» TASK ITEM
Write the listing out again word for word, excluding any pictures.

» GIVEN MATERIAL
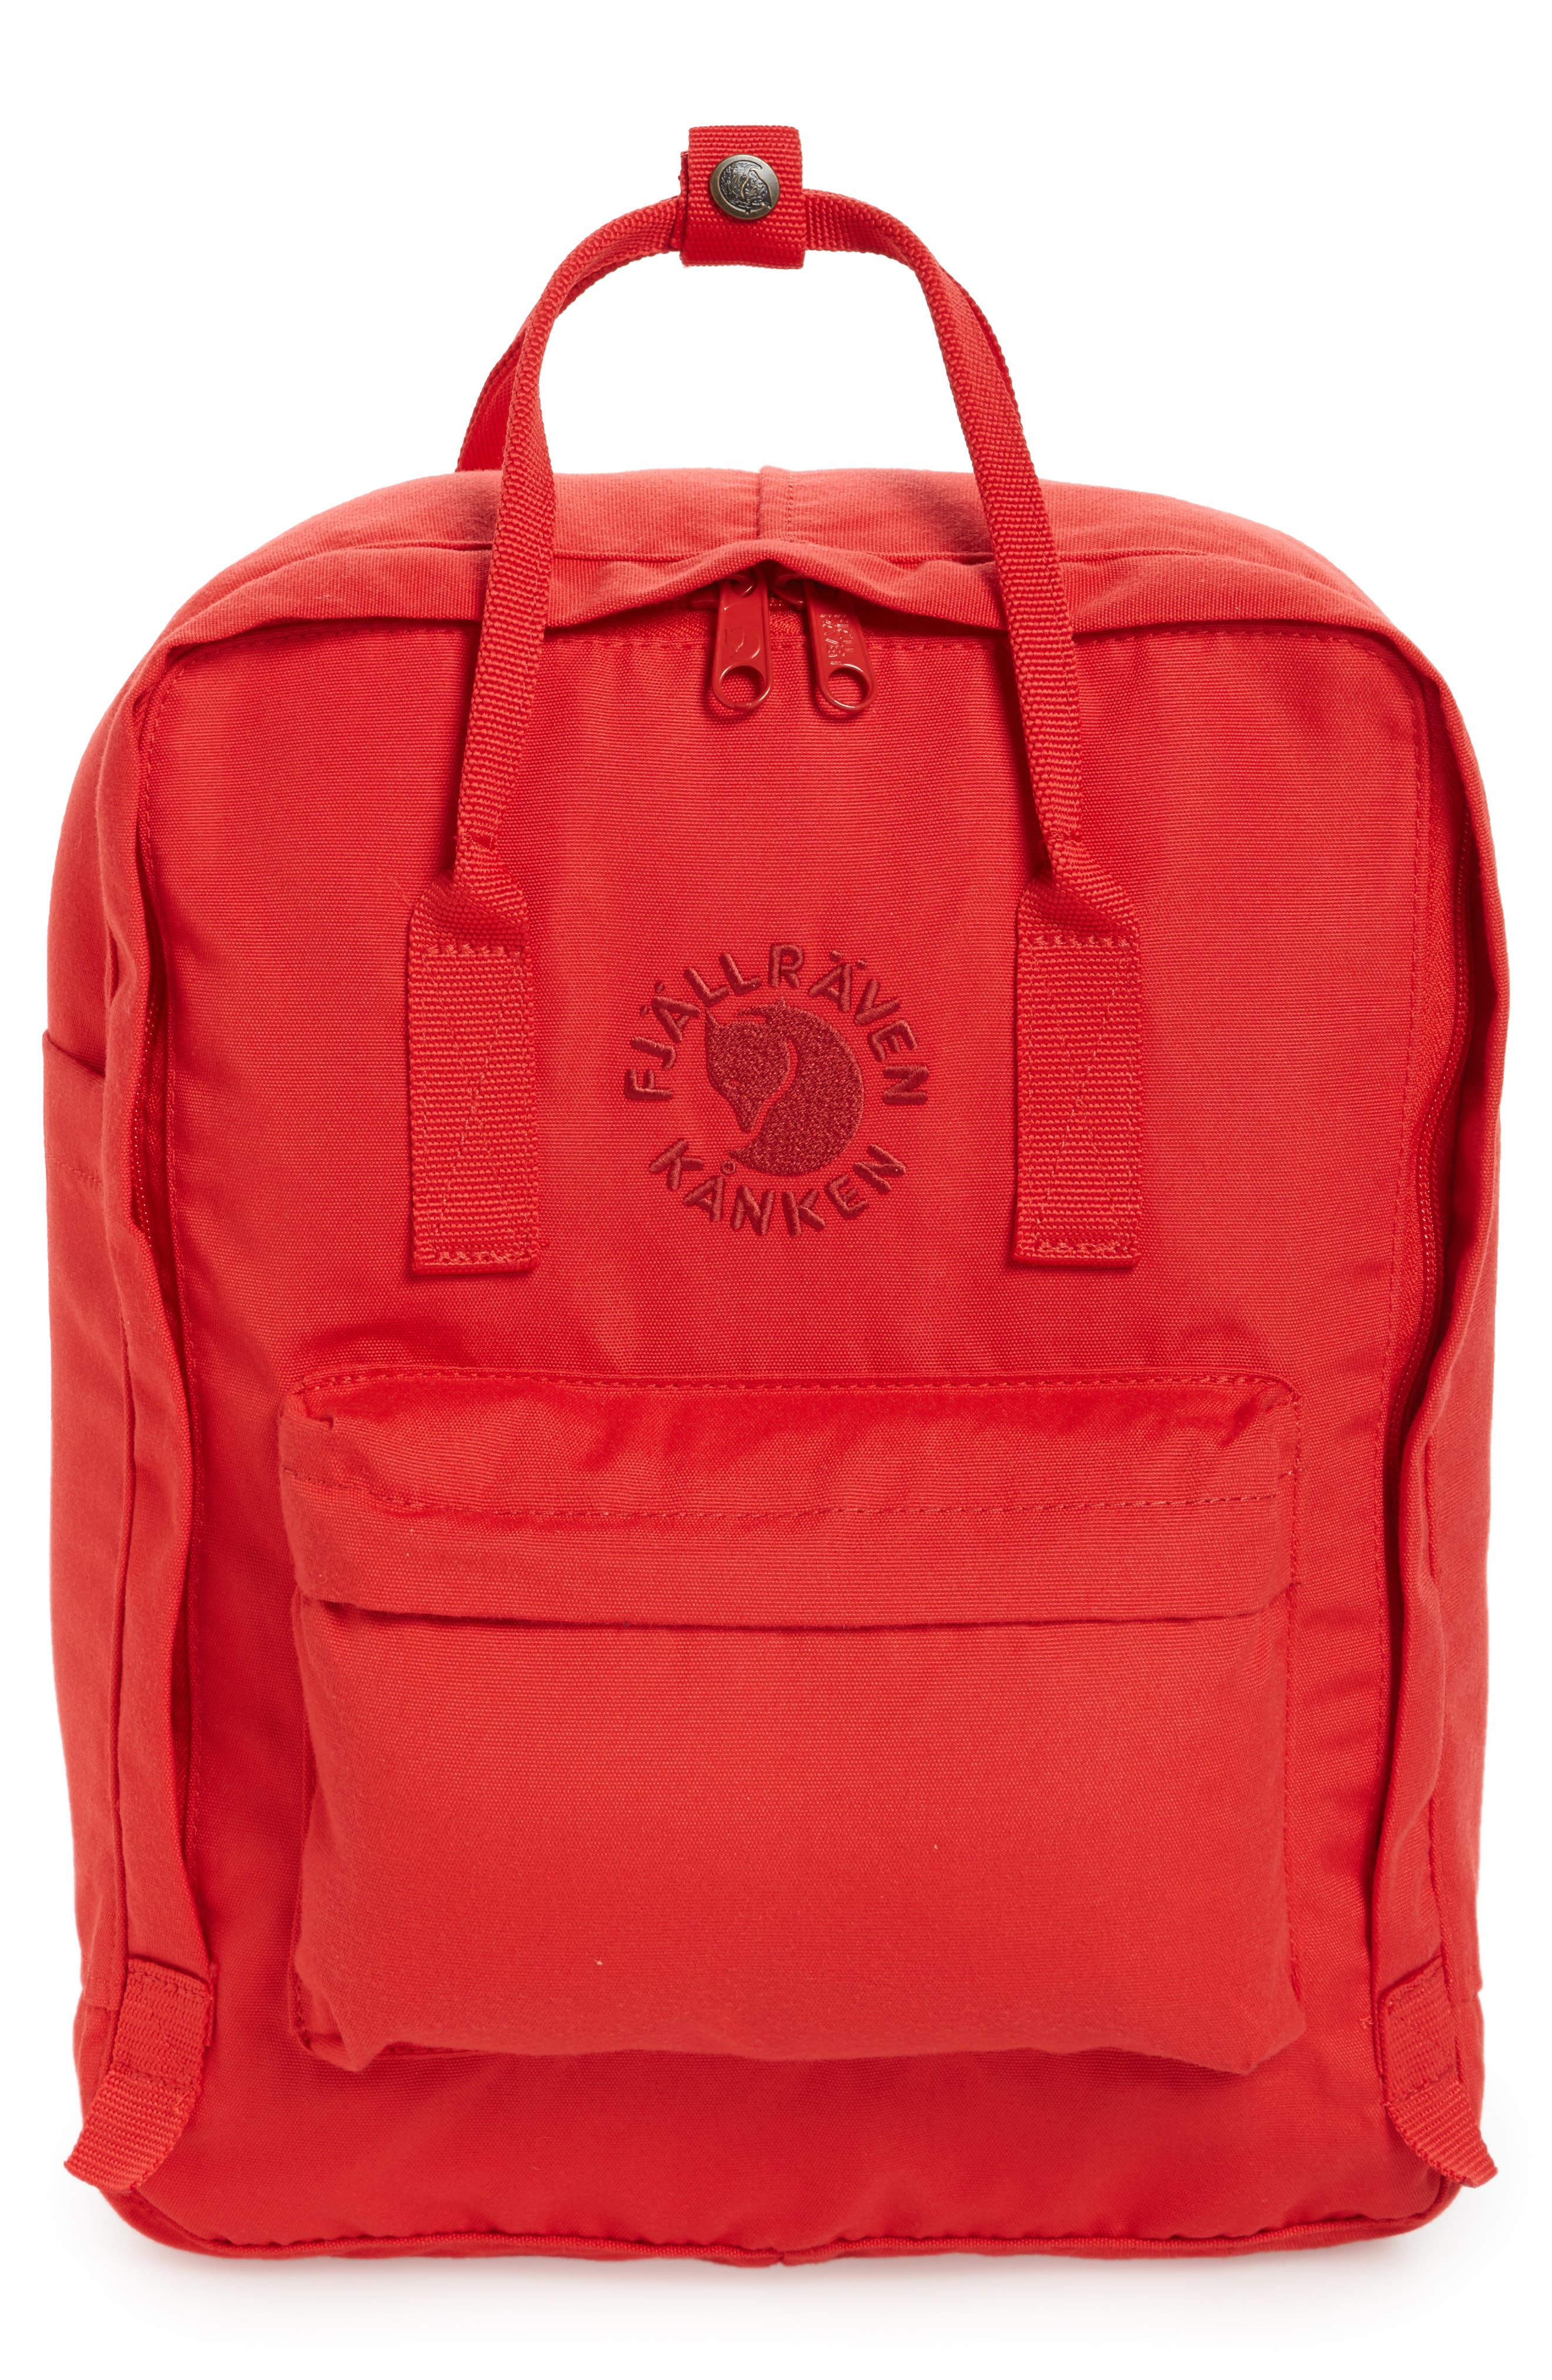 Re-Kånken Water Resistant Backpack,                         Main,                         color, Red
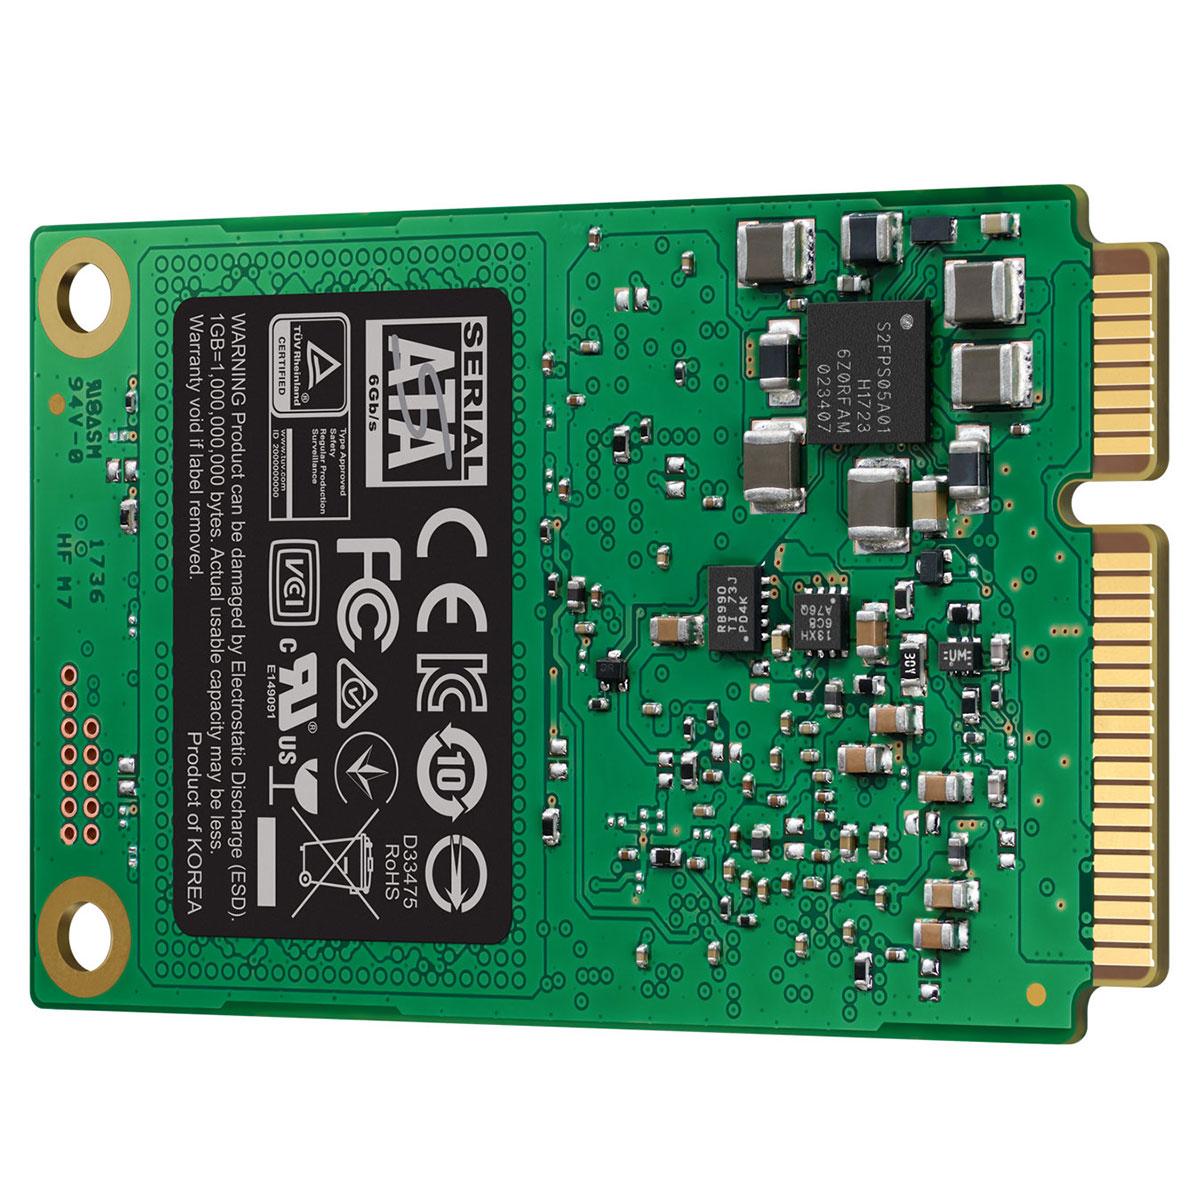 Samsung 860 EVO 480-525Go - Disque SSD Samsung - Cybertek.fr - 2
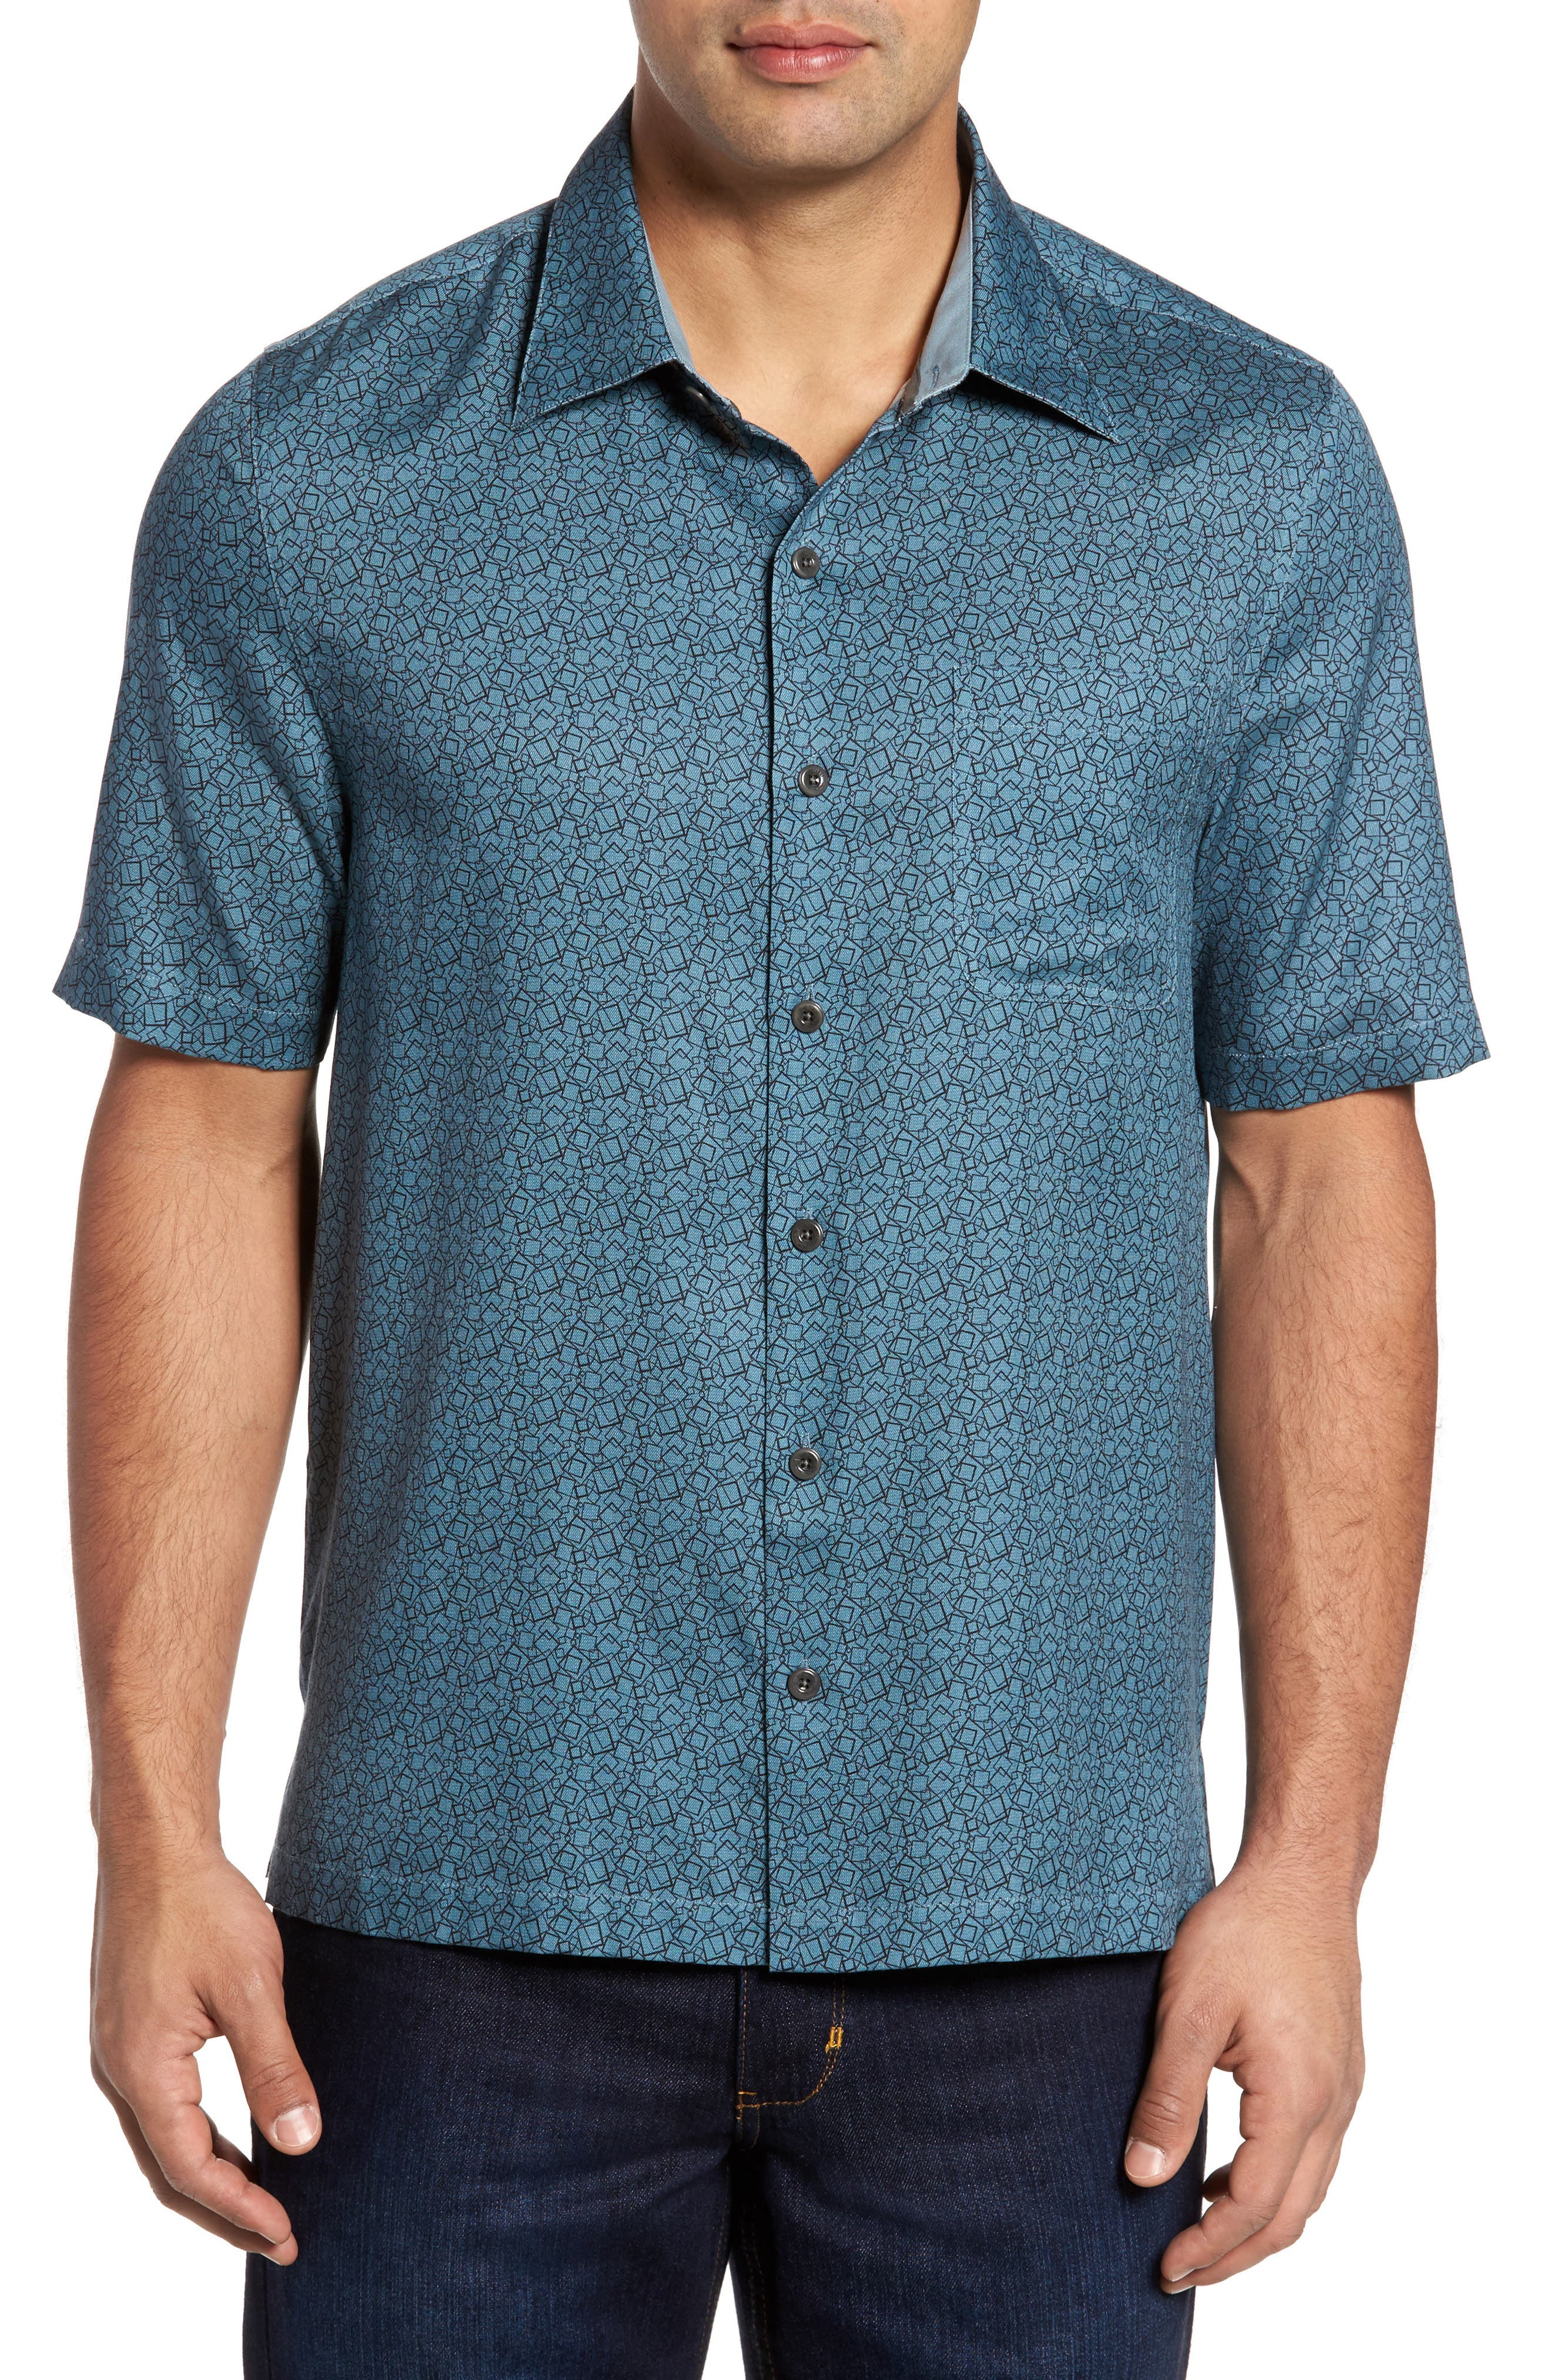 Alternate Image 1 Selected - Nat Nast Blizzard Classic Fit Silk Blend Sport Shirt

» RESPONSE AREA
 Re-Kånken Water Resistant Backpack,                         Main,                         color, Red
 Samsung 860 EVO 480-525Go - Disque SSD Samsung - Cybertek.fr - 2
 Alternate Image 1 Selected - Nat Nast Blizzard Classic Fit Silk Blend Sport Shirt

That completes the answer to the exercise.